### Brief
The data must be given again exactly as written, with all images omitted.

[Dataset extract Boundary: Start]

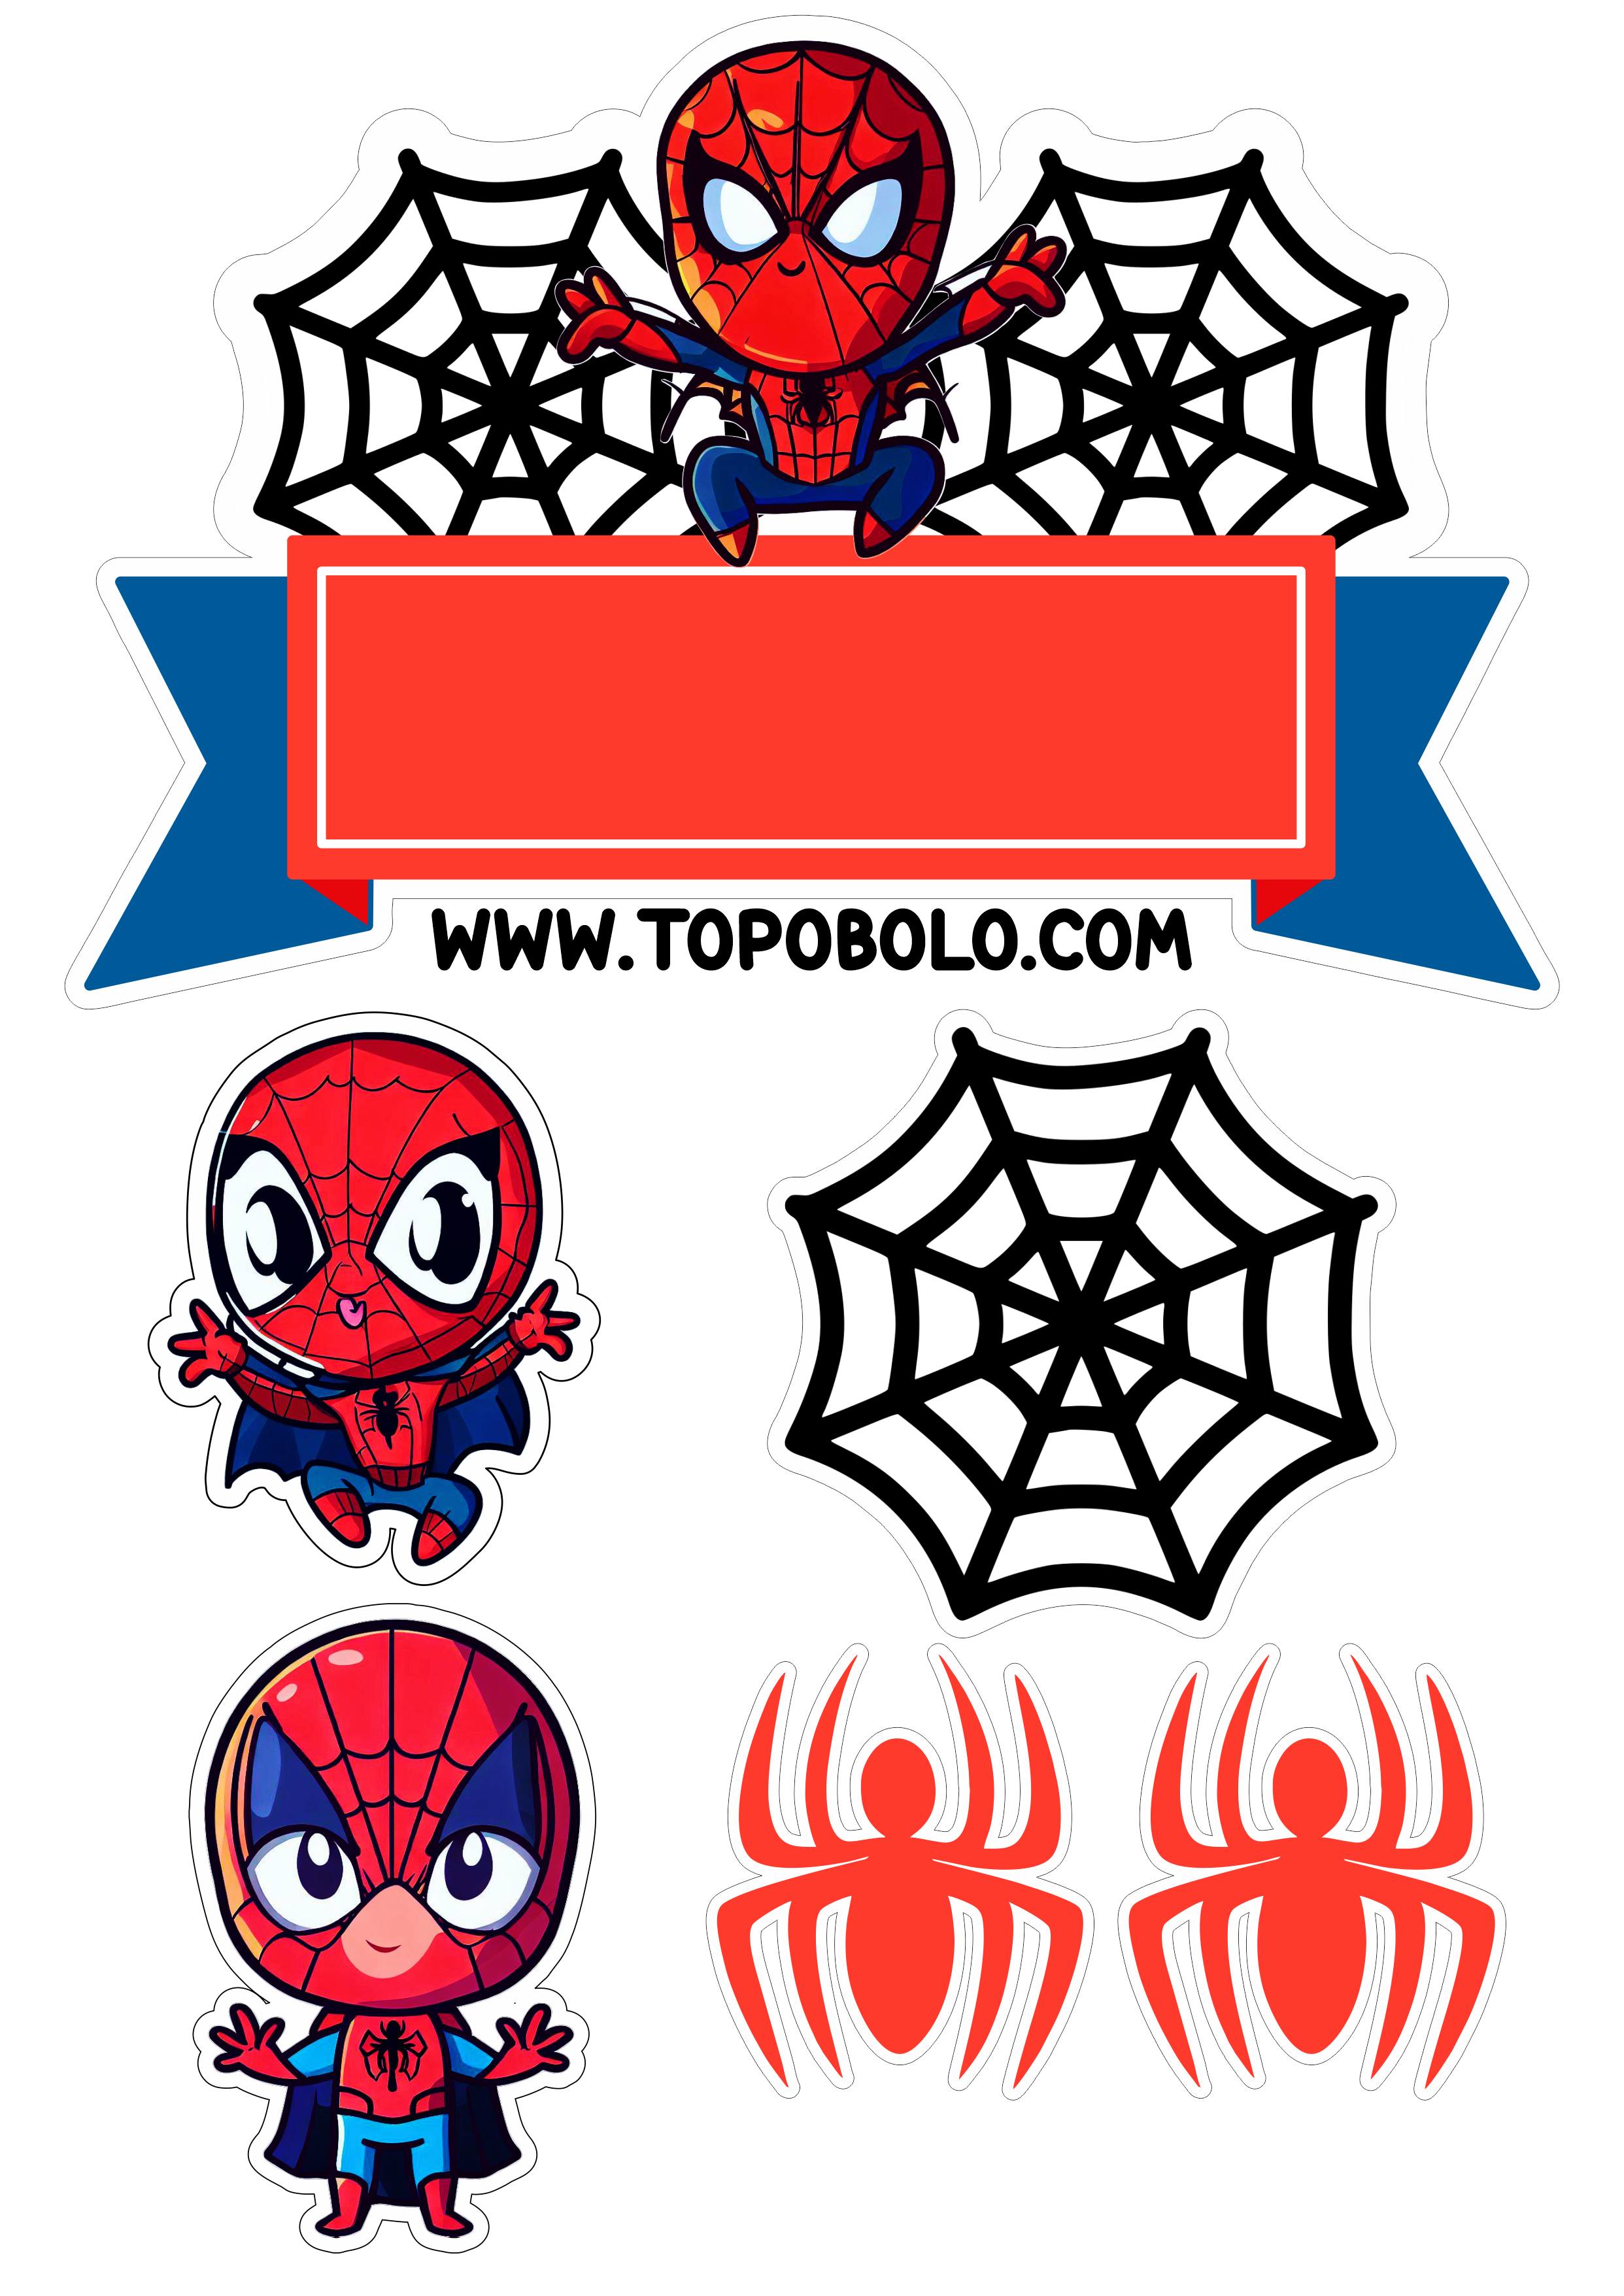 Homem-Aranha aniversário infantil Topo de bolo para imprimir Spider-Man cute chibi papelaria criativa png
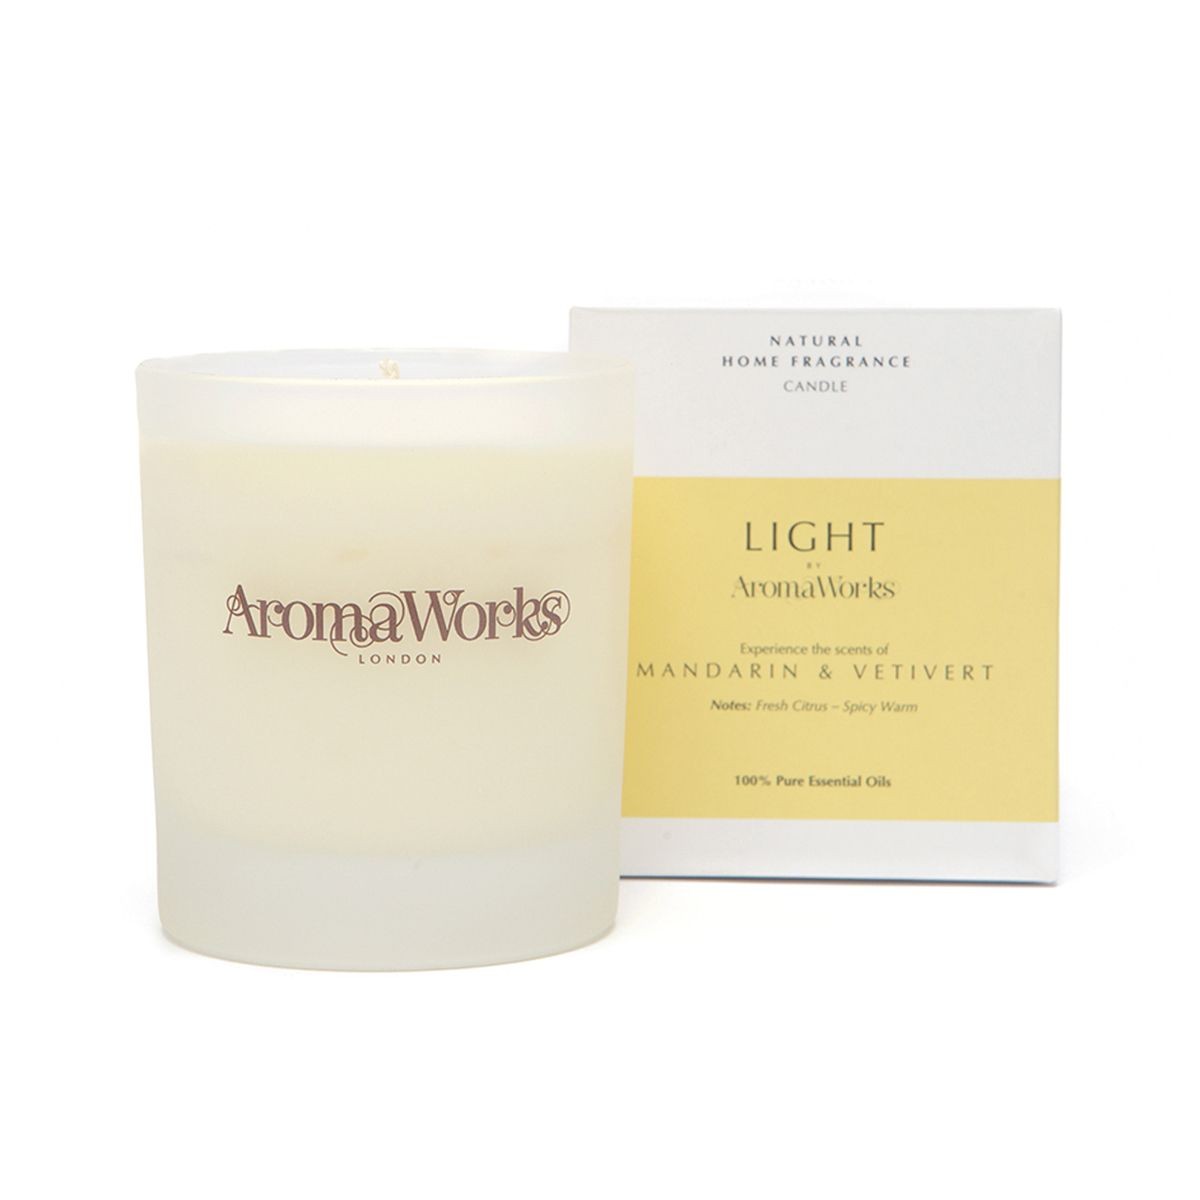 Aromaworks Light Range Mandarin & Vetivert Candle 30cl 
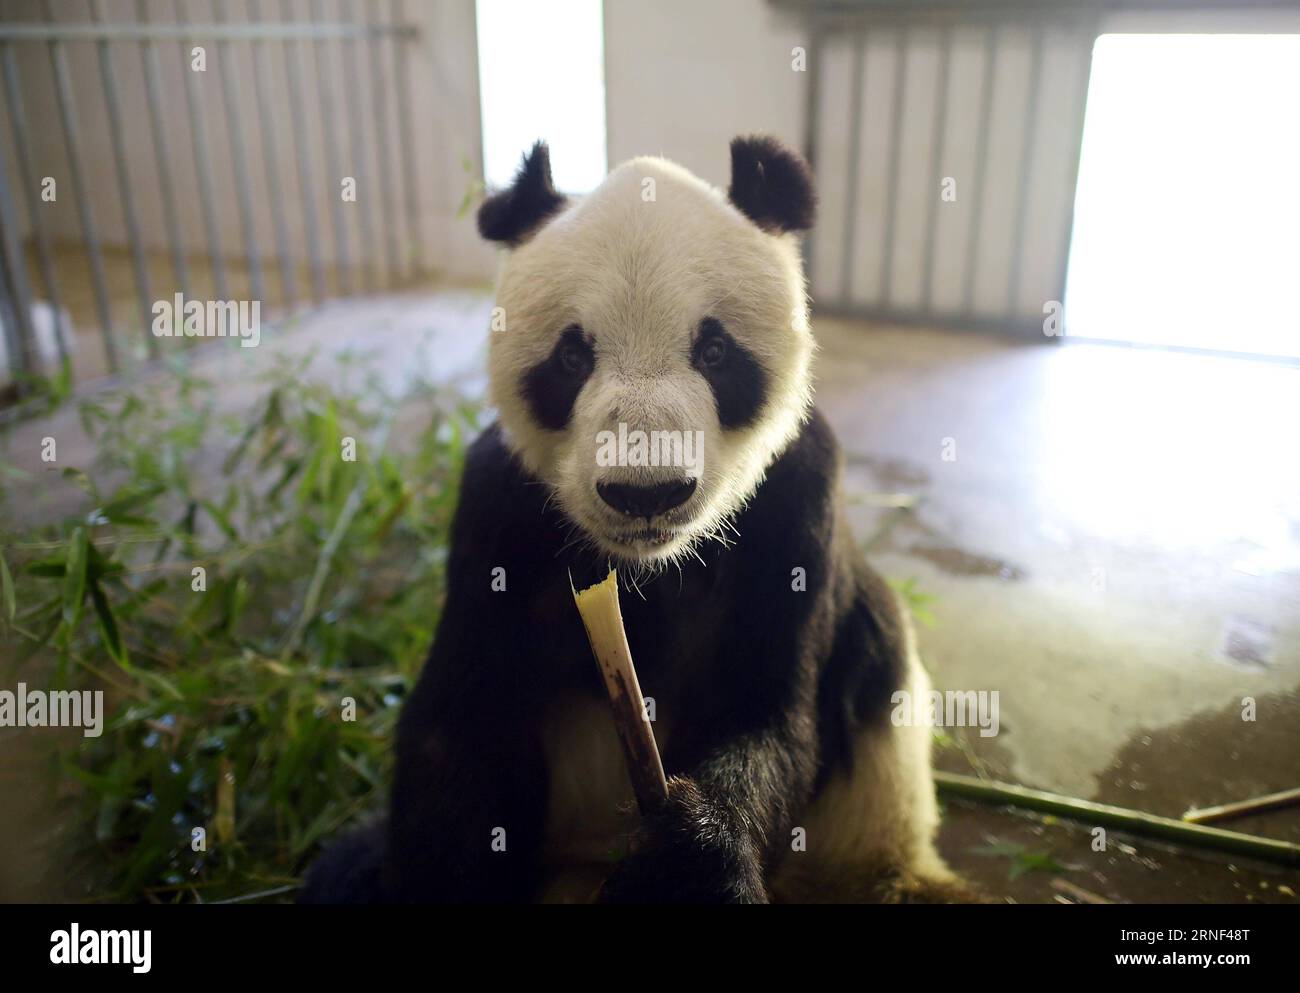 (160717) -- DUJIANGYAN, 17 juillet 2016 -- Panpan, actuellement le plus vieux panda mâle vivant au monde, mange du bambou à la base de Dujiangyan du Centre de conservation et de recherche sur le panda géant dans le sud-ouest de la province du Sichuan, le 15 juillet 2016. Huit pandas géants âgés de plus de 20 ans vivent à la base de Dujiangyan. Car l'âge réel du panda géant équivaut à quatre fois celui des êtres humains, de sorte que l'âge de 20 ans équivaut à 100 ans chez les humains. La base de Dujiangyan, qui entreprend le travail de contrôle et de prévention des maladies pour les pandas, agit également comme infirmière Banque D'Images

[Dataset extract Boundary: End]

### Reply to the exercise
 Homem-Aranha aniversário infantil Topo de bolo para imprimir Spider-Man cute chibi papelaria criativa png
 Aromaworks Light Range Mandarin & Vetivert Candle 30cl 
 (160717) -- DUJIANGYAN, 17 juillet 2016 -- Panpan, actuellement le plus vieux panda mâle vivant au monde, mange du bambou à la base de Dujiangyan du Centre de conservation et de recherche sur le panda géant dans le sud-ouest de la province du Sichuan, le 15 juillet 2016. Huit pandas géants âgés de plus de 20 ans vivent à la base de Dujiangyan. Car l'âge réel du panda géant équivaut à quatre fois celui des êtres humains, de sorte que l'âge de 20 ans équivaut à 100 ans chez les humains. La base de Dujiangyan, qui entreprend le travail de contrôle et de prévention des maladies pour les pandas, agit également comme infirmière Banque D'Images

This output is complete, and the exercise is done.